Tim Keeler is music director of the San Francisco-based, GRAMMY® award-winning vocal ensemble Chanticleer. Performing nearly 100 concerts every year all over the world, Chanticleer has been a staple of the American choral sound for over 40 years.
Prior to moving to San Francisco, Tim forged a career as an active conductor, singer, and educator. He has performed with New York Polyphony, The Clarion Choir, the Choir of Trinity Wall Street, and sang with Chanticleer for their 2017-2018 season. He has also performed frequently as a soloist, appearing regularly in the Bach Vespers series at Holy Trinity Lutheran Church in New York City, as well as with TENET, New York's preeminent early music ensemble. An avid proponent of new and challenging repertoire, Tim remains a core member of Ekmeles, a vocal ensemble based in New York City and dedicated to contemporary, avant-garde, and infrequently-performed vocal repertoire.

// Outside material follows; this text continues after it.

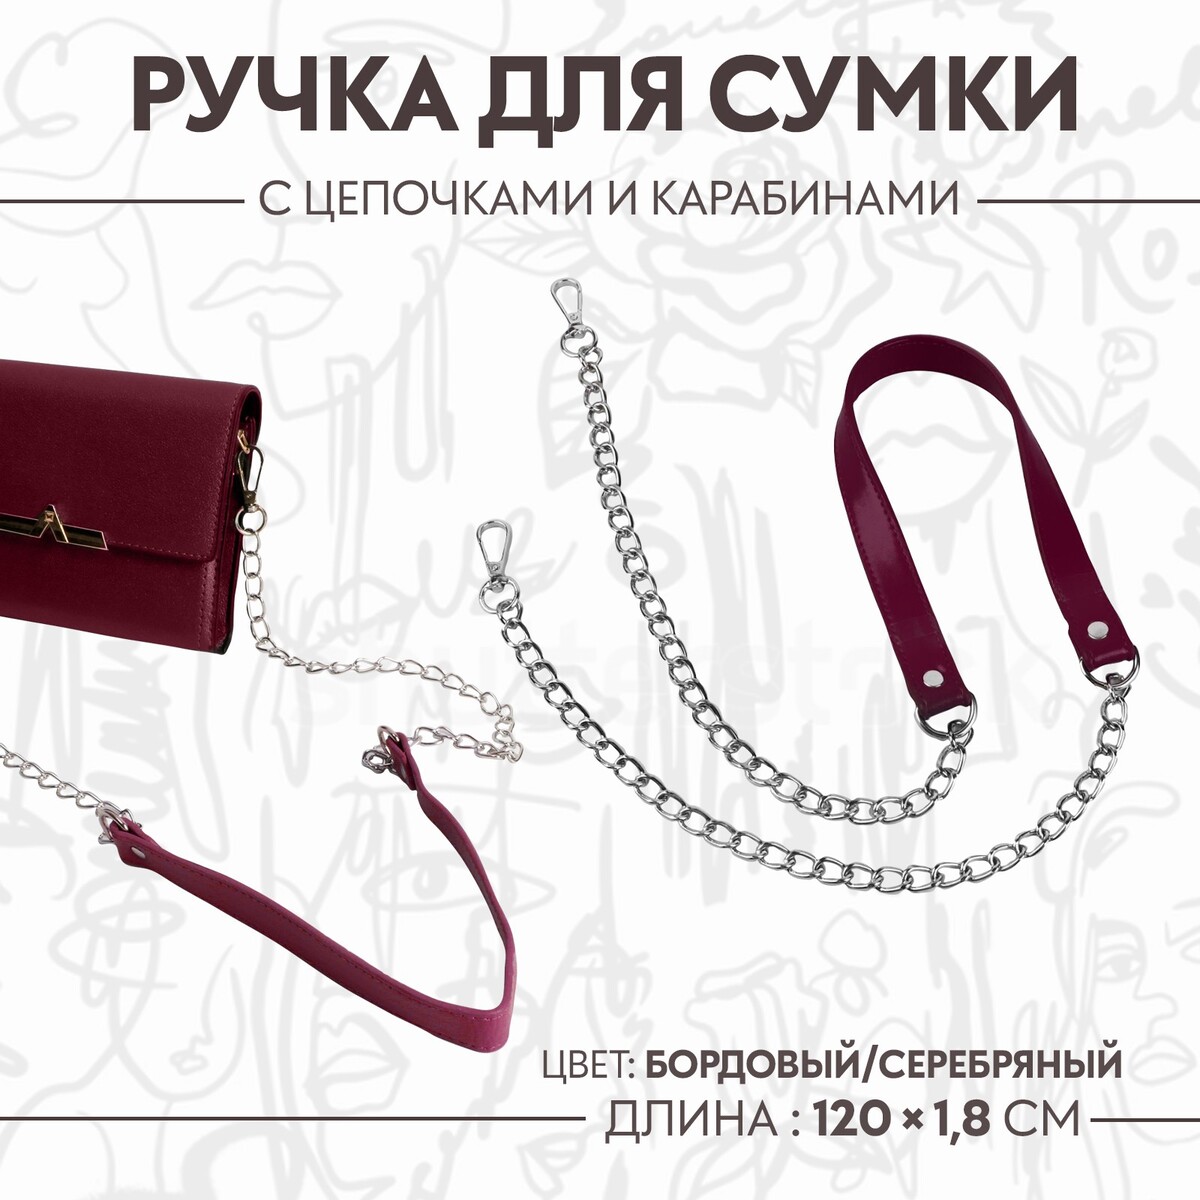 Ручка для сумки, с цепочками и карабинами, 120 × 1,8 см, цвет бордовый ручка для сумки с цепочками и карабинами 120 × 1 8 см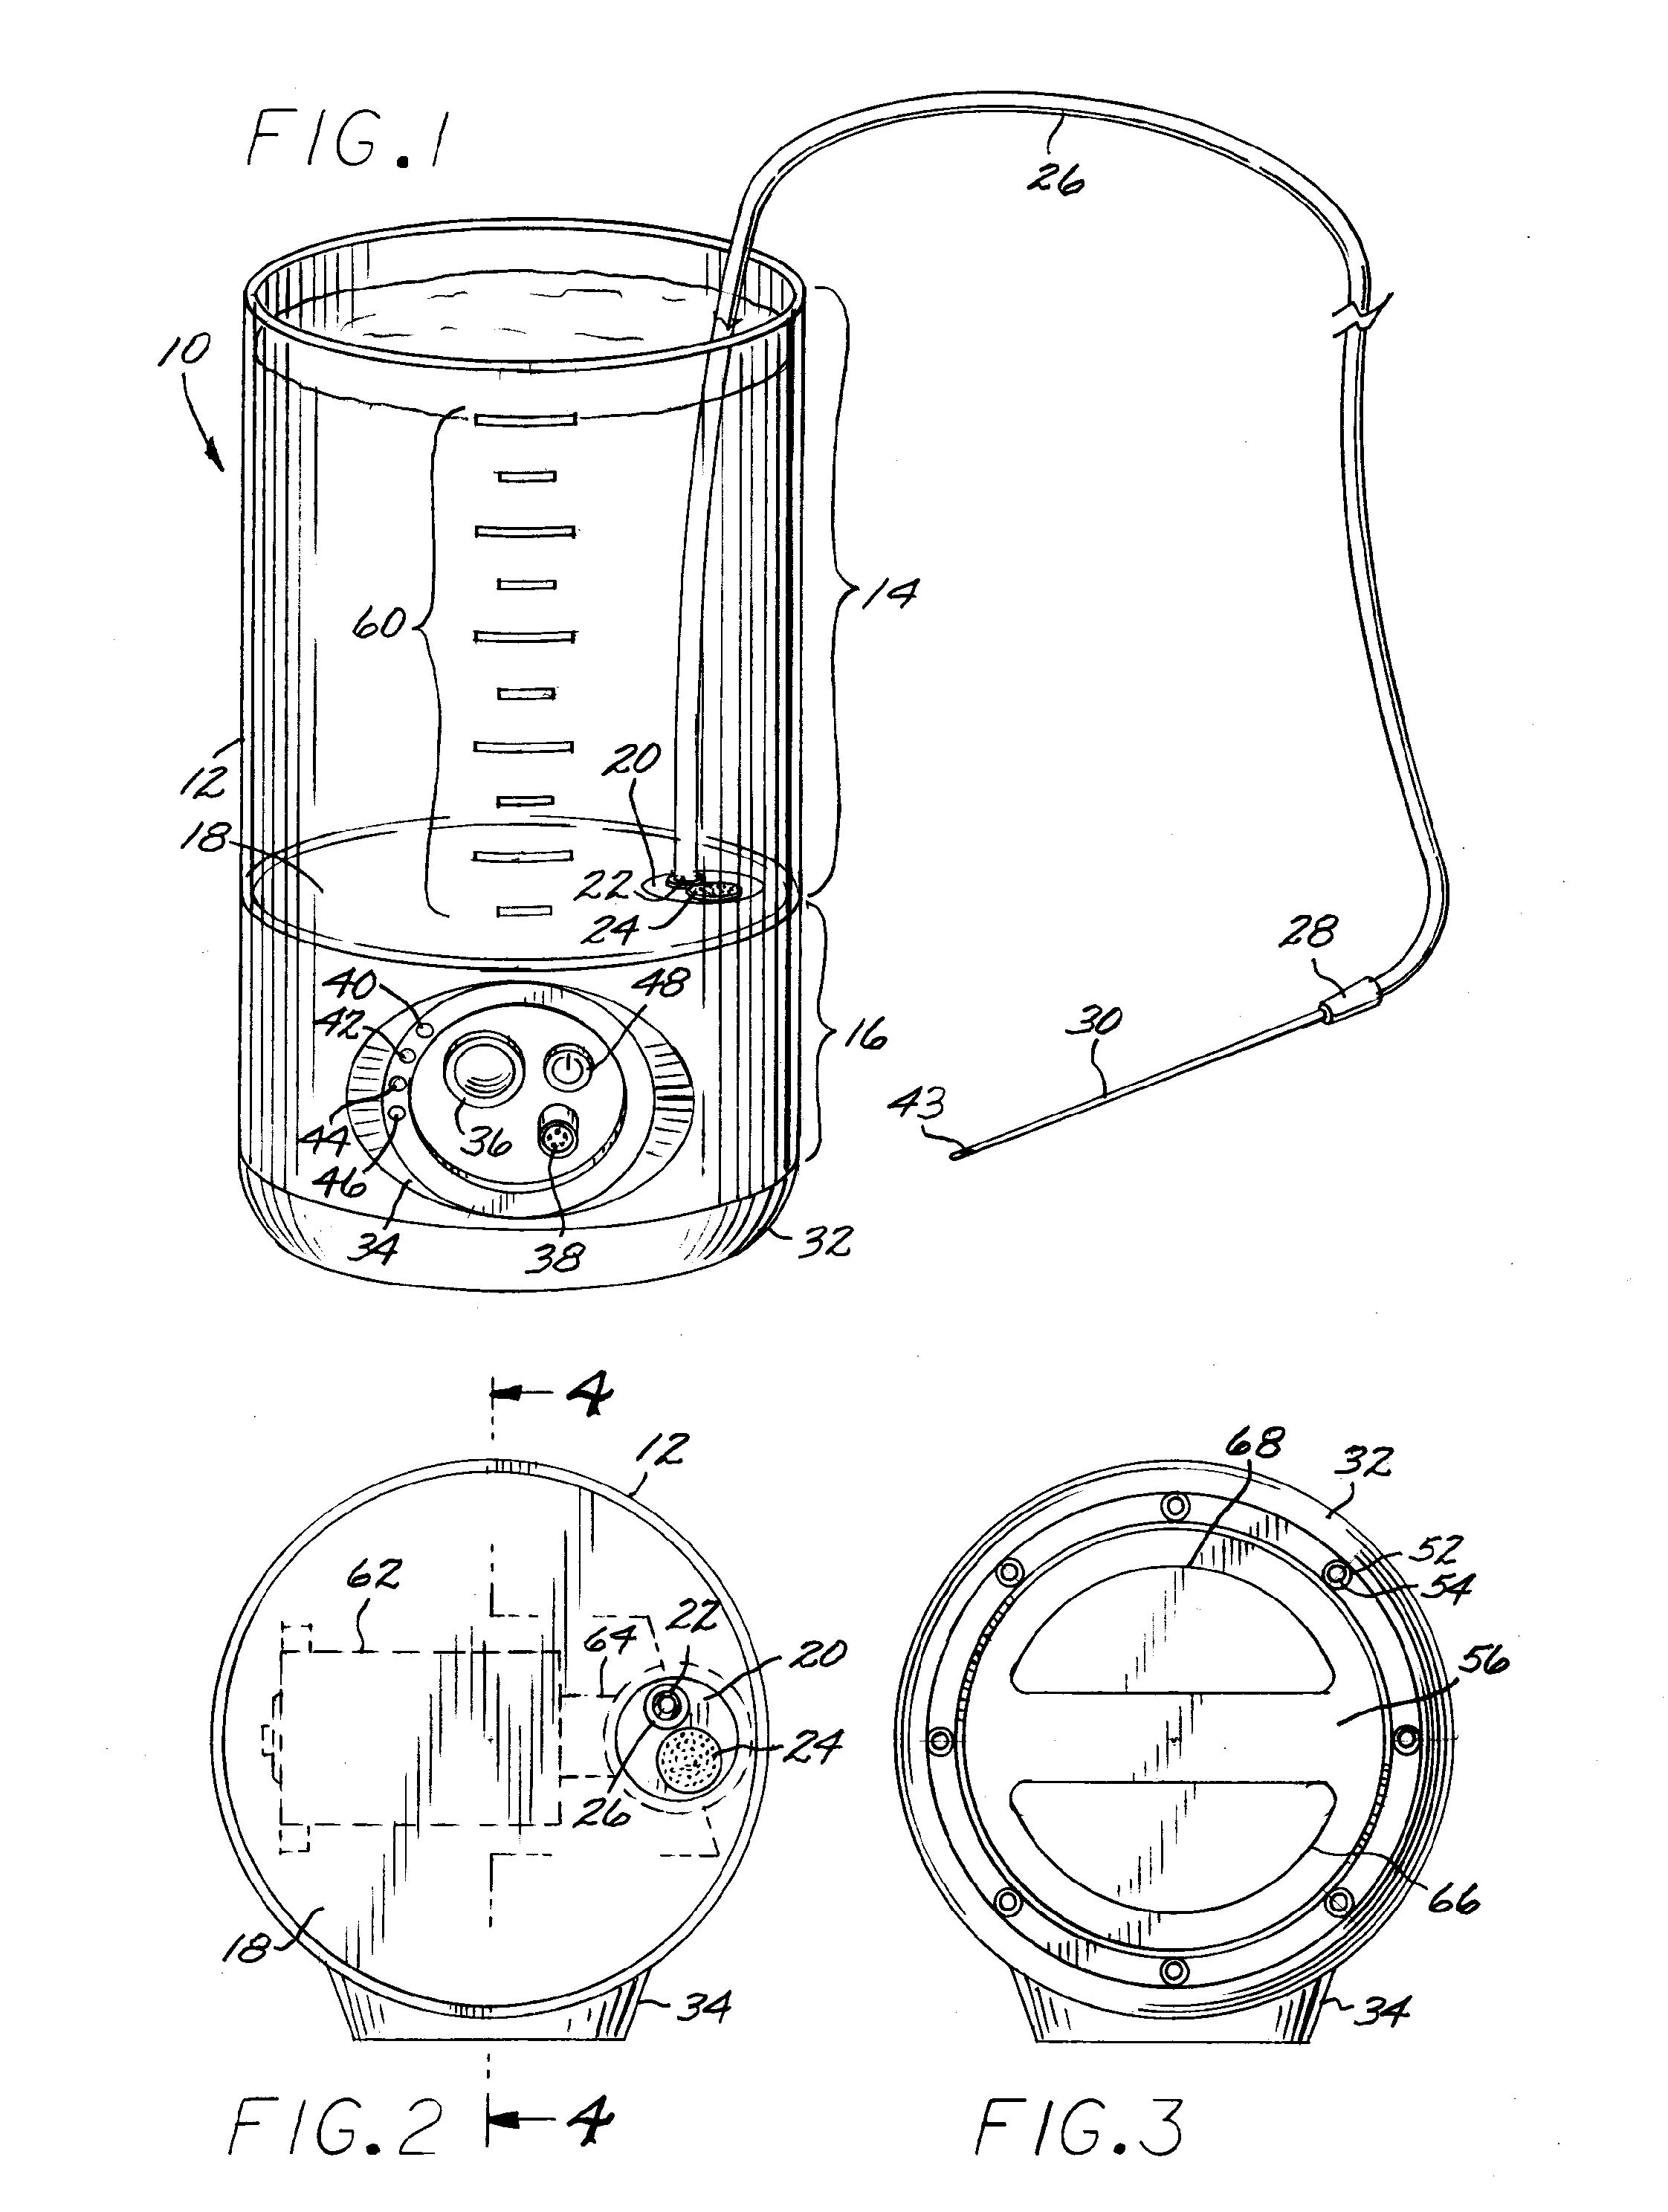 Antegrade colonic instillation apparatus

While transitioning to his role as music director of Chanticleer, Tim is in the midst of completing his DMA in Choral Conducting at the University of Maryland where he studies with Dr. Edward Maclary. As an educator, Tim has directed the Men’s Chorus at the University of Maryland, served as director of choirs at the Special Music School High School in Manhattan, and worked closely with the Young People's Chorus of New York City as a vocal coach and satellite school conductor. He was also the choral conductor for Juilliard's new Summer Performing Arts program - a two-week intensive summer course in Geneva, Switzerland.
Tim holds a BA in Music from Princeton University with certificates in Vocal Performance and Computer Science, an MPhil in Music and Science from Cambridge University, and an MM in Choral Conducting from the University of Michigan. While studying with Dr. Jerry Blackstone at the University of Michigan, Tim served as assistant conductor of the Grammy award-winning UMS Choral Union, preparing the choir for performances with Leonard Slatkin and the Detroit Symphony Orchestra. His dissertation at Cambridge explored statistical methods used in natural language processing and unsupervised machine learning as applied to musical phrase detection and segmentation.